I am extremely confused about the whole NvBufSurface layout. The documentation / header files are not very helpful for me.

Is there a high level overview somewhere for this? I see various fragments on the forum but never an explanation.

In my particular case, I am attached to the nvv4l2decoder src pad.

v4l2src ! nvv4l2decoder mjpeg=1 ! nvstreammux ! …

The input is 4096x2160 from CU135, format is UYVY.

In the src pad callback, from my prints, I get:
** width 4096 height 2160 pitch 4096 colorFormat 2 num_planes 3
** plane 0 w 4096 ht 2160 p 4096 o 0 psz 8912896 bpp 1
** plane 1 w 2048 ht 1080 p 2048 o 8912896 psz 2228224 bpp 1
** plane 2 w 2048 ht 1080 p 2048 o 11141120 psz 2228224 bpp 1

  1. nvv4l2decoder output will be NV12 (YUV420) right? That is what above colorFormat says.
  2. Why is plane 0 psize=8912896? 4096*2160 is 8847360 - that is 64K too large.
  3. Same with plane 1 & 2 , too large
  4. My first attempt was to simply perform a cudaMemcpy but the total dataSize does not make sense.
  5. If I want to extract only the Y plane, what is the process?
  6. I really do not need to convert to RGB since I just need the luma
  7. If I want to feed this GPU buffer to a custom cuda kernel, what is the process? How do I make an in GPU memory copy that doesn’t impact DS processing? I just want to perform some histogram calculation, not modify the pipeline.

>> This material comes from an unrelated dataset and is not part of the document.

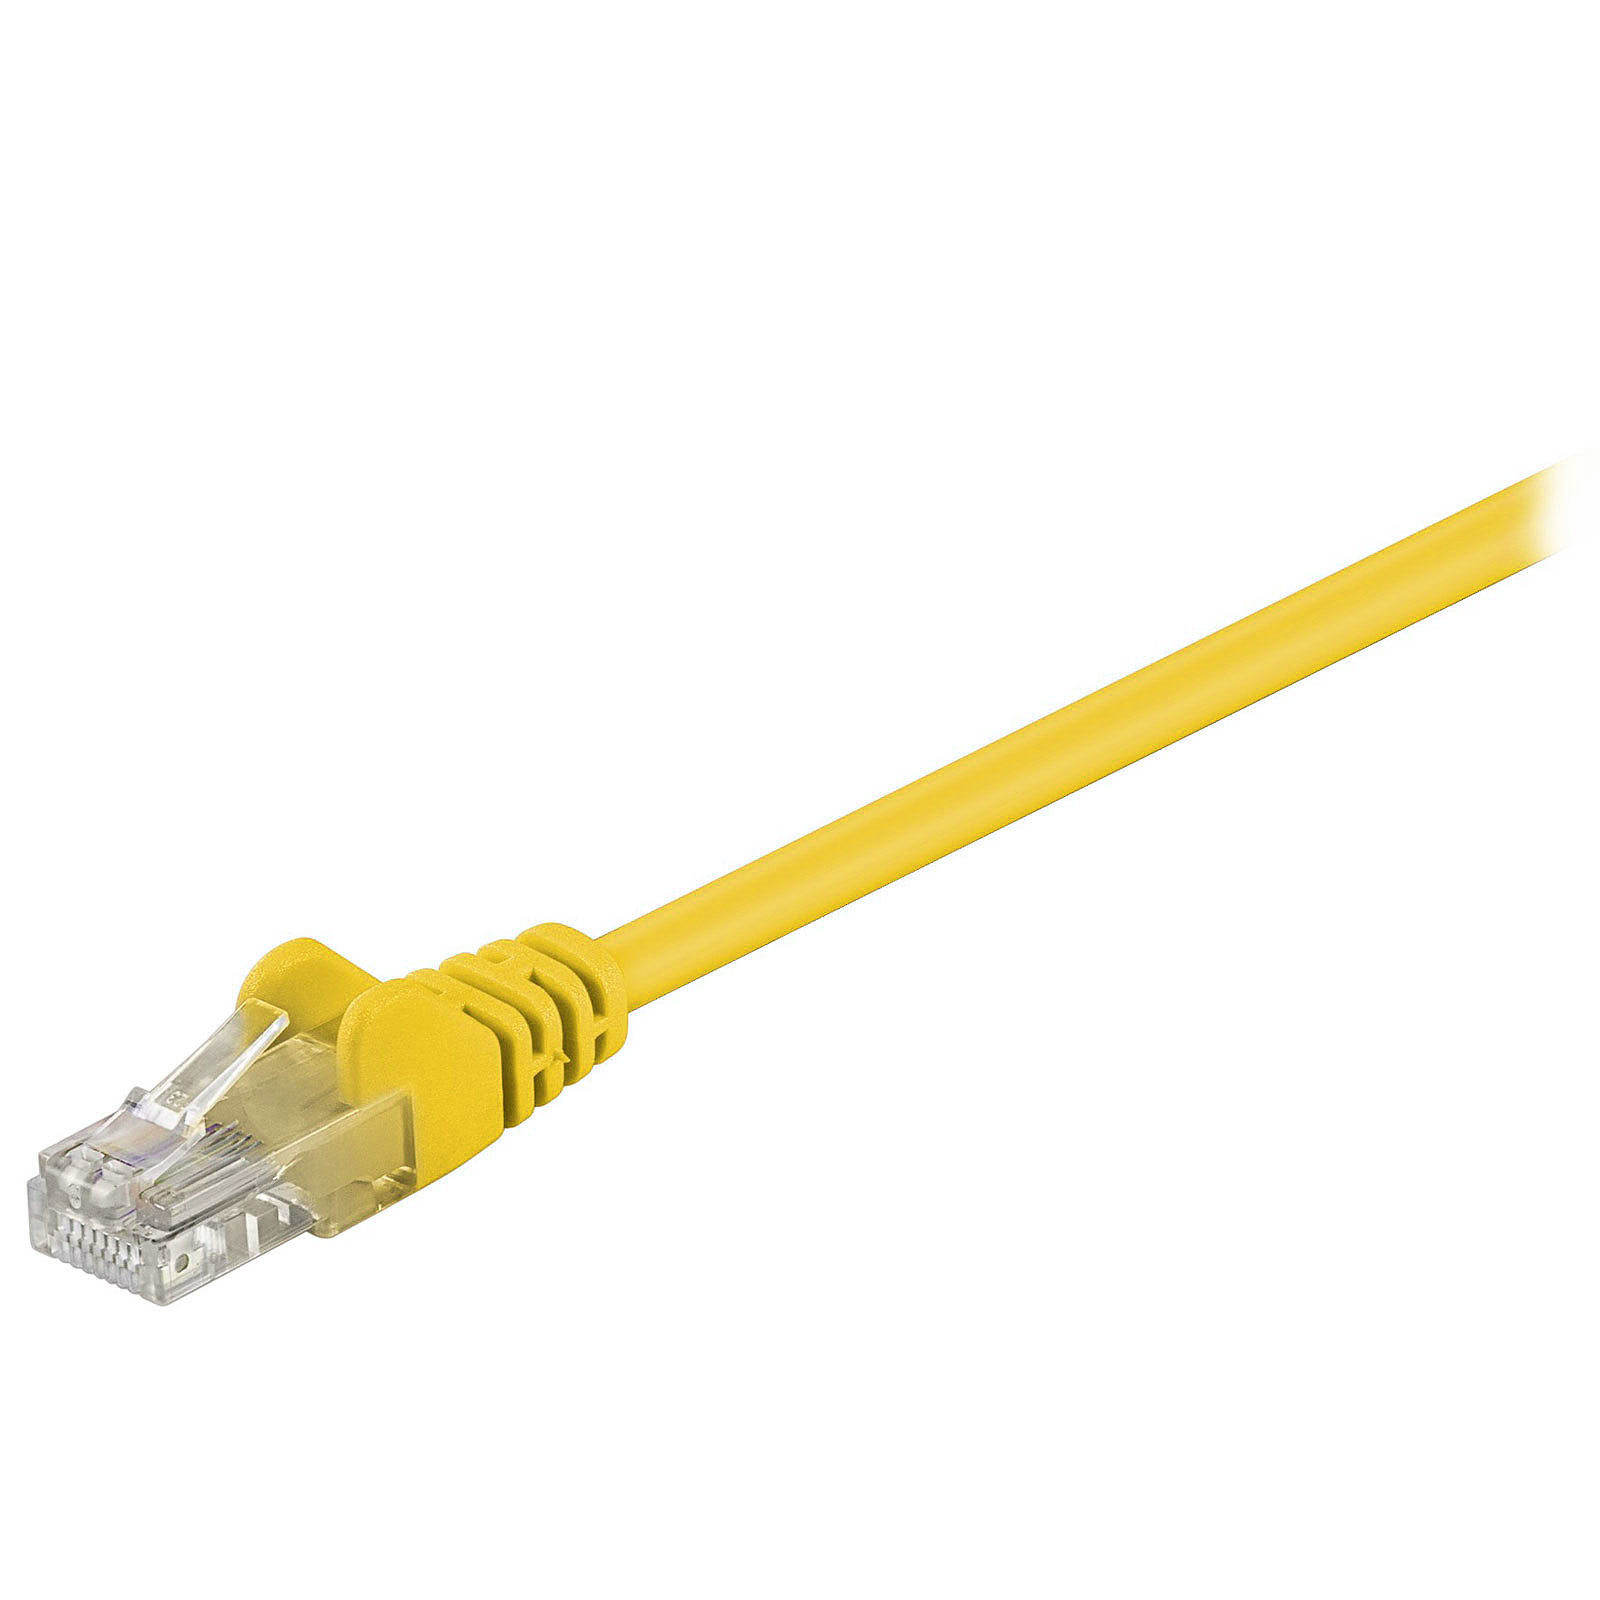 Cable RJ45 categorie 5e U/UTP 3 m (Jaune) - Cable RJ45 Generique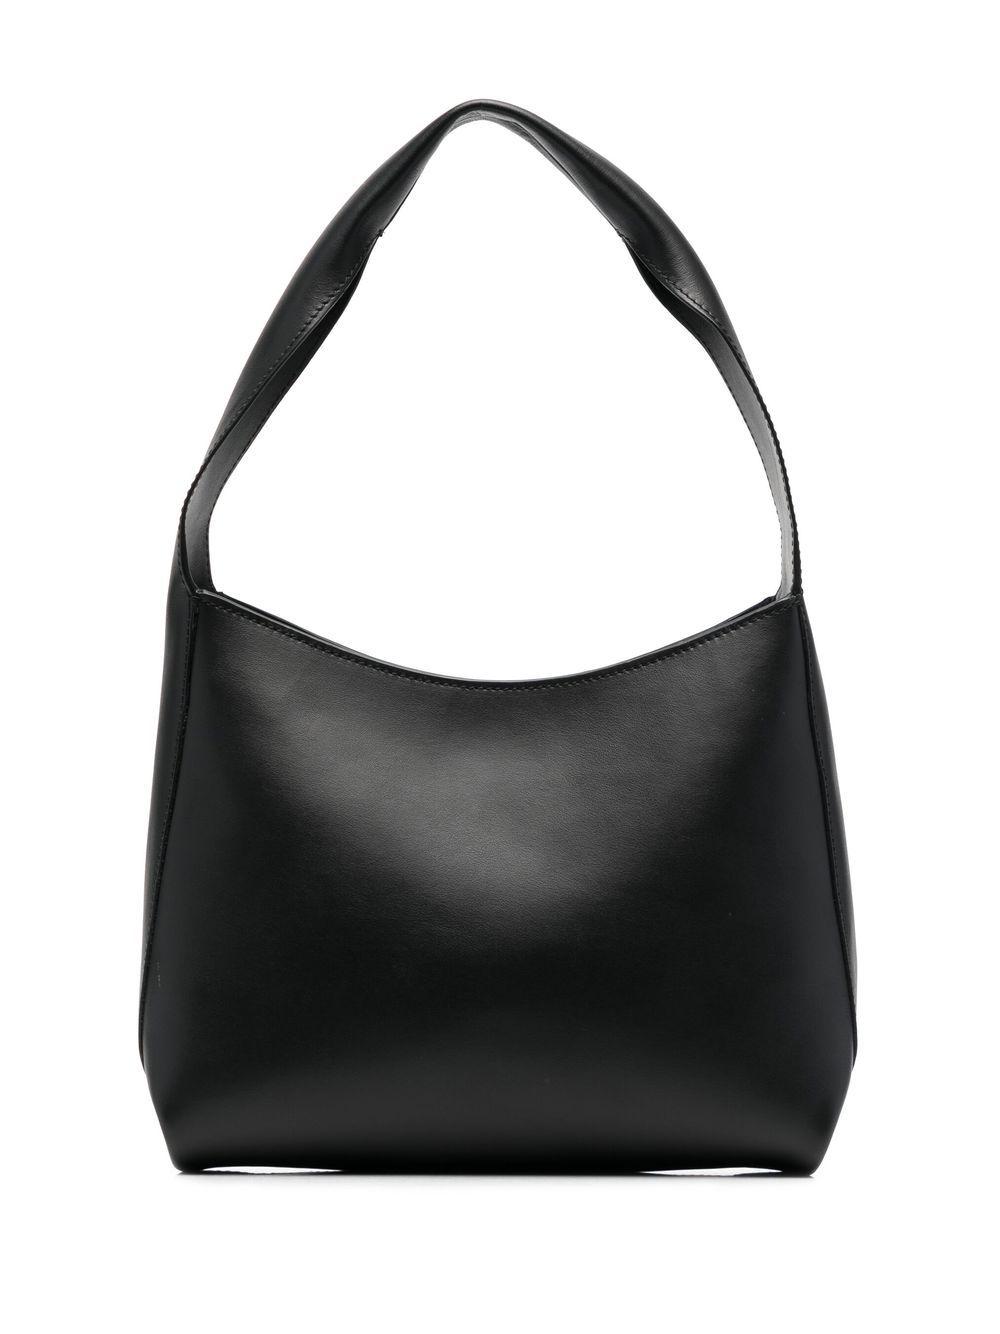 Filippa K Nola Structured Shoulder Bag in Black | Lyst

Please refer to https://docs.nvidia.com/metropolis/deepstream/dev-guide/text/DS_plugin_gst-nvvideo4linux2.html

nvv4l2decoder is HW accelerated decoder, so the buffer it uses is special.
colorFormat 2 means NVBUF_COLOR_FORMAT_YUV420 format, it is not ordinary YUV420 format, but the Nvidia HW adapted format.

For your example:
plana 0 size 8912896 = 4096 x 2176 because the width and height for HW should be the multiple of 16.
plana 1 and 2 size 2228224 = 2048 x 1088 also obey the rules of multiple of 16.

For CUDA gpu copy, please refer to How to use NvBufSurfaceCopy to copy surface from CUDA device to CPU accessable memory

That link says ‘The plugin accepts an encoded bitstream and uses the NVDEC hardware engine to decode the bitstream. The decoded output is in NV12 format.’ Where does is explain the format and padding? i cannot find it in the link you provided. Thanks.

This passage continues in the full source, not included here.